Search code examples
gremlintinkerpoptinkerpop3gremlin-server

Gremlin: dedup() with groups of vertices not working


I have a query that returns groups of users like this:

==>[britney,ladygaga,aguilera]
==>[aguilera,ladygaga,britney]

These 2 example groups have the same items in a different order, the problem is that dedup() does not remove one of the groups in this case, because having the items in different order makes them different for dedup.

The only solution I can think of is to call order() in each group so they have the same order and dedup() works. But this solution means:

  1. Extra computation just because dedup cannot handle this situation
  2. An ugly comment I have to add like "This is here to make dedup work"

Is there another solution to this?

You can try my example above in the gremlin console with these lines:

g.addV("user").property("name", "britney")
g.addV("user").property("name", "aguilera")
g.addV("user").property("name", "ladygaga")

Dedup working:

g.V().hasLabel("user").values("name").fold().store("result").V().hasLabel("user").values("name").fold().store("result").select("result").unfold().dedup()

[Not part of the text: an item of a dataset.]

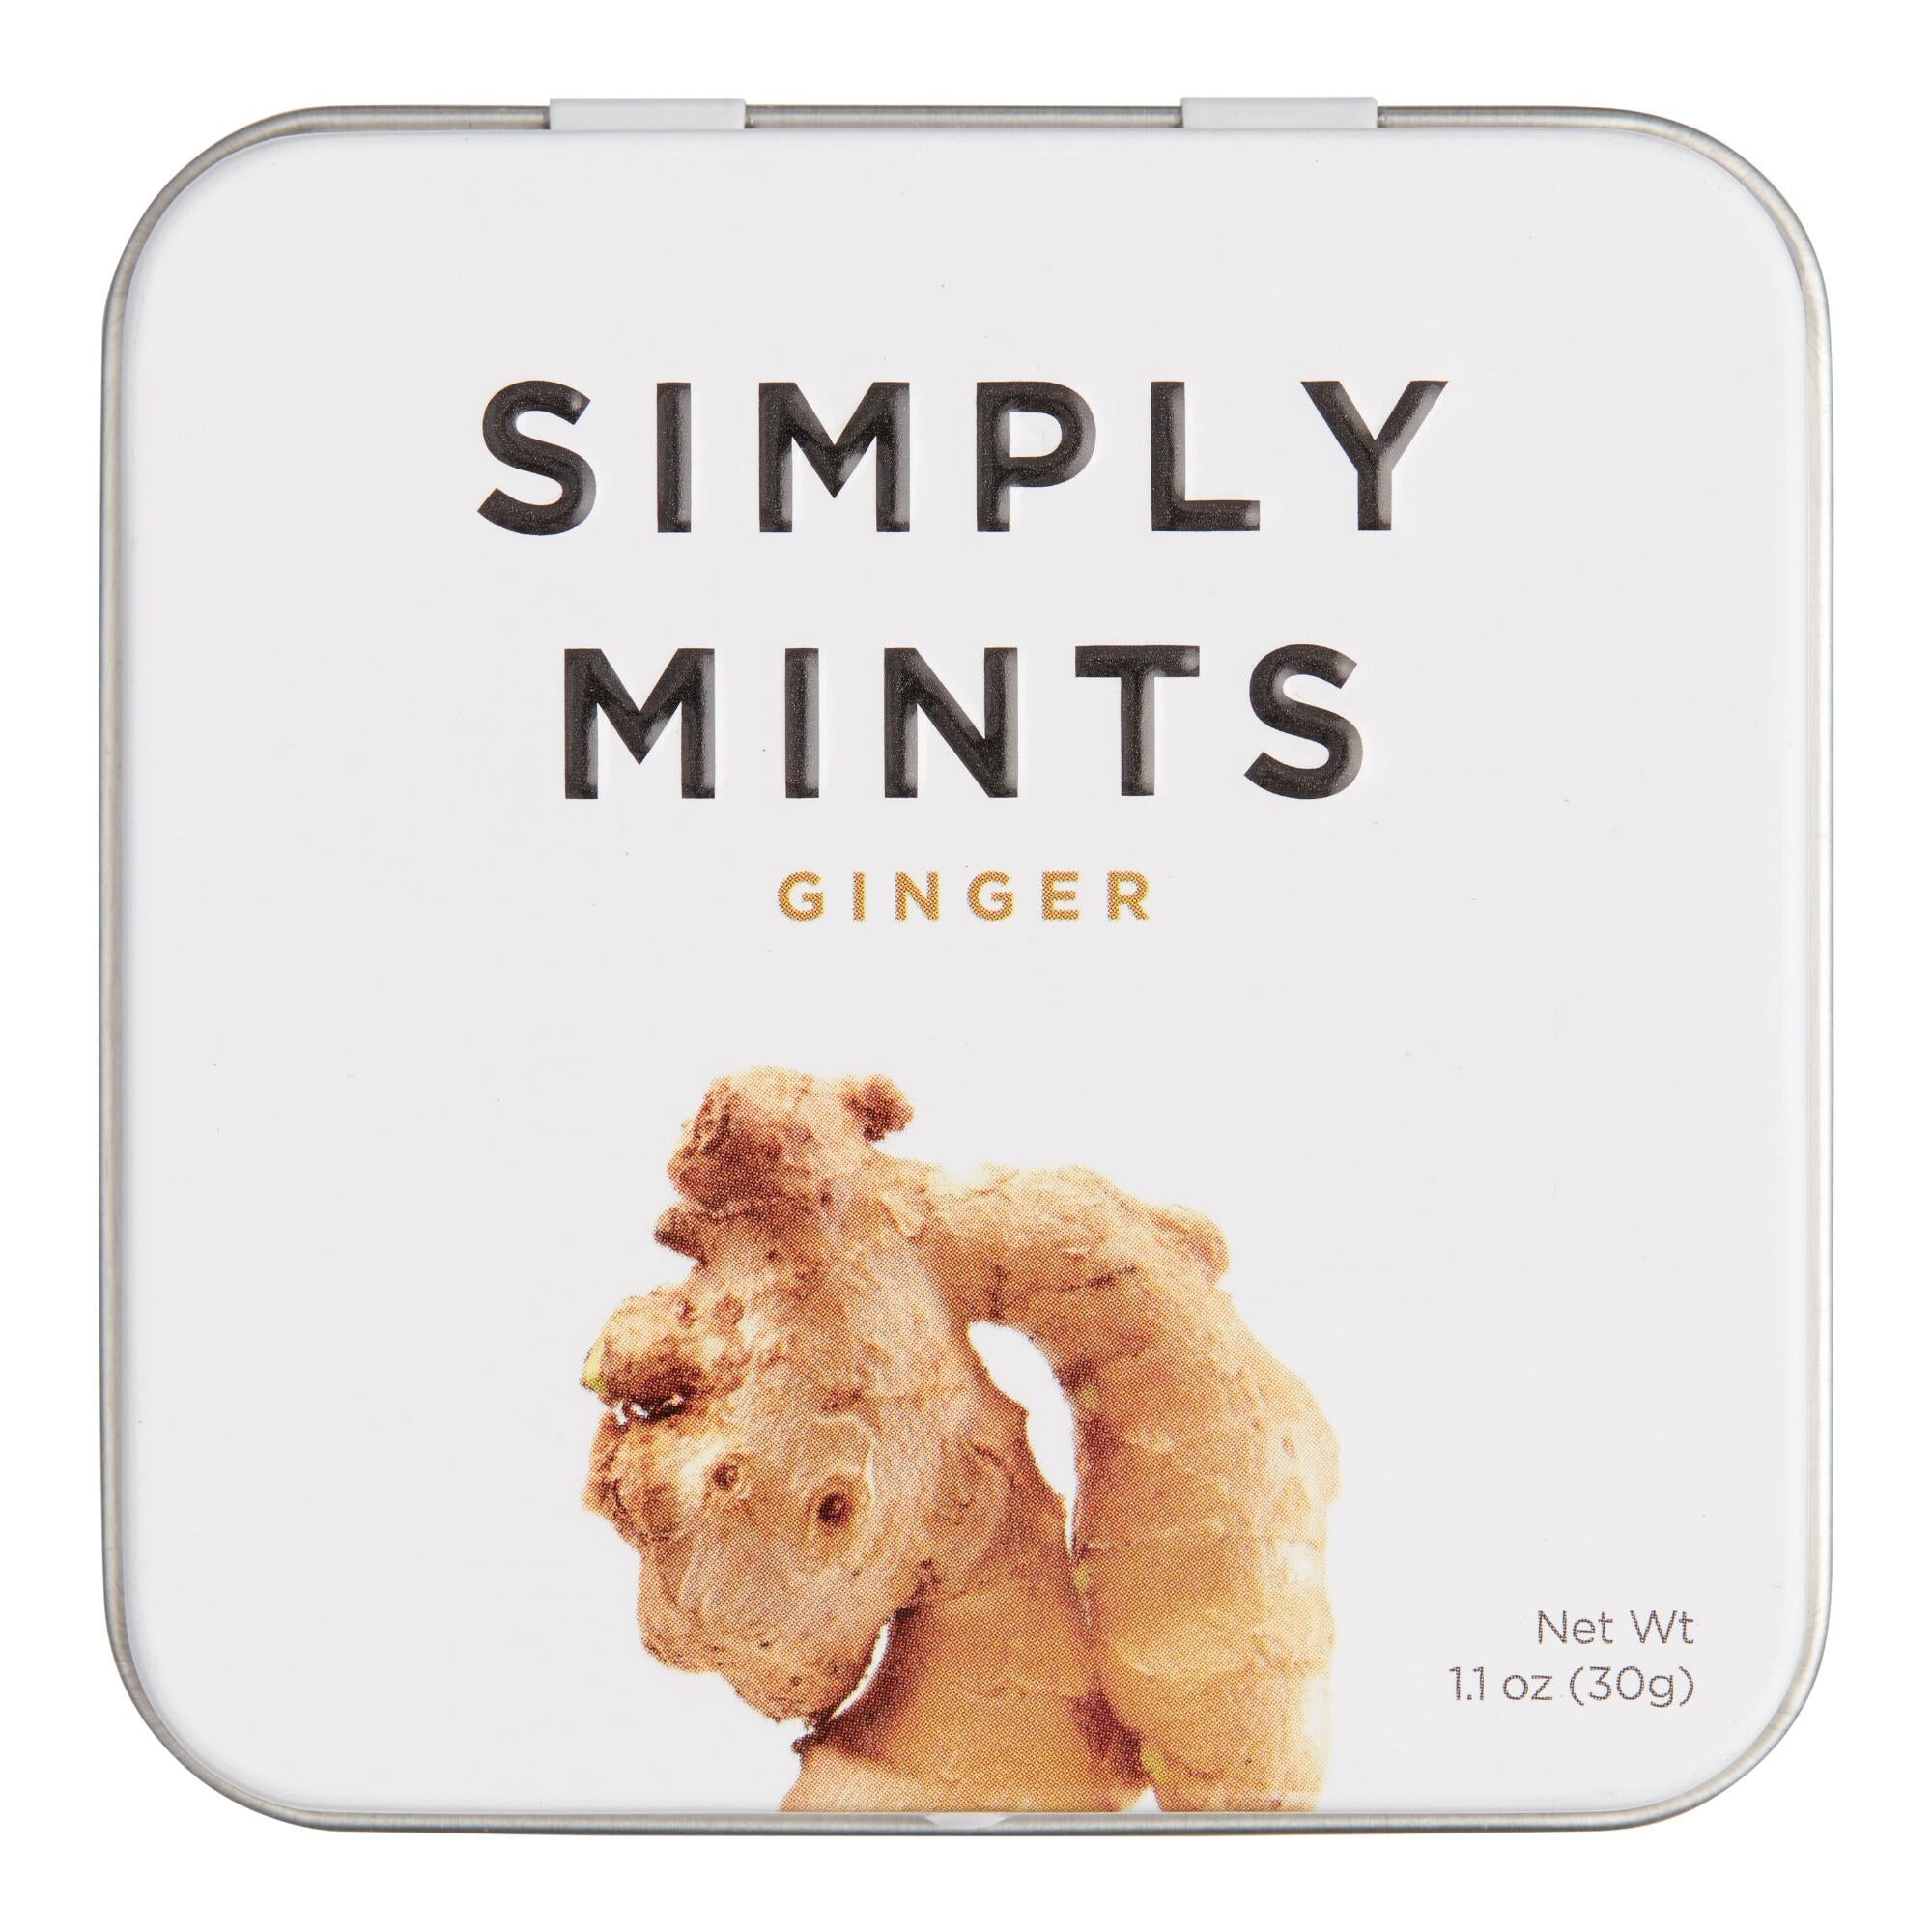 Simply Mints ginger mints

Dedup not working because the items are shuffled:

g.V().hasLabel("user").values("name").order().by(shuffle).fold().store("result").V().hasLabel("user").values("name").order().by(shuffle).fold().store("result").select("result").unfold().dedup()

Solution

  • You have to order() the lists for them to have equality:

    gremlin> g.V().hasLabel("user").values("name").order().by(shuffle).fold().store("result").
    ......1>   V().hasLabel("user").values("name").order().by(shuffle).fold().store("result").
    ......2>   select("result").unfold().order(local).dedup()
    ==>[aguilera,britney,ladygaga]
    

    which is standard list equality:

    gremlin> [1,2,3] == [1,2,3]
    ==>true
    gremlin> [1,2,3] == [3,2,1]
    ==>false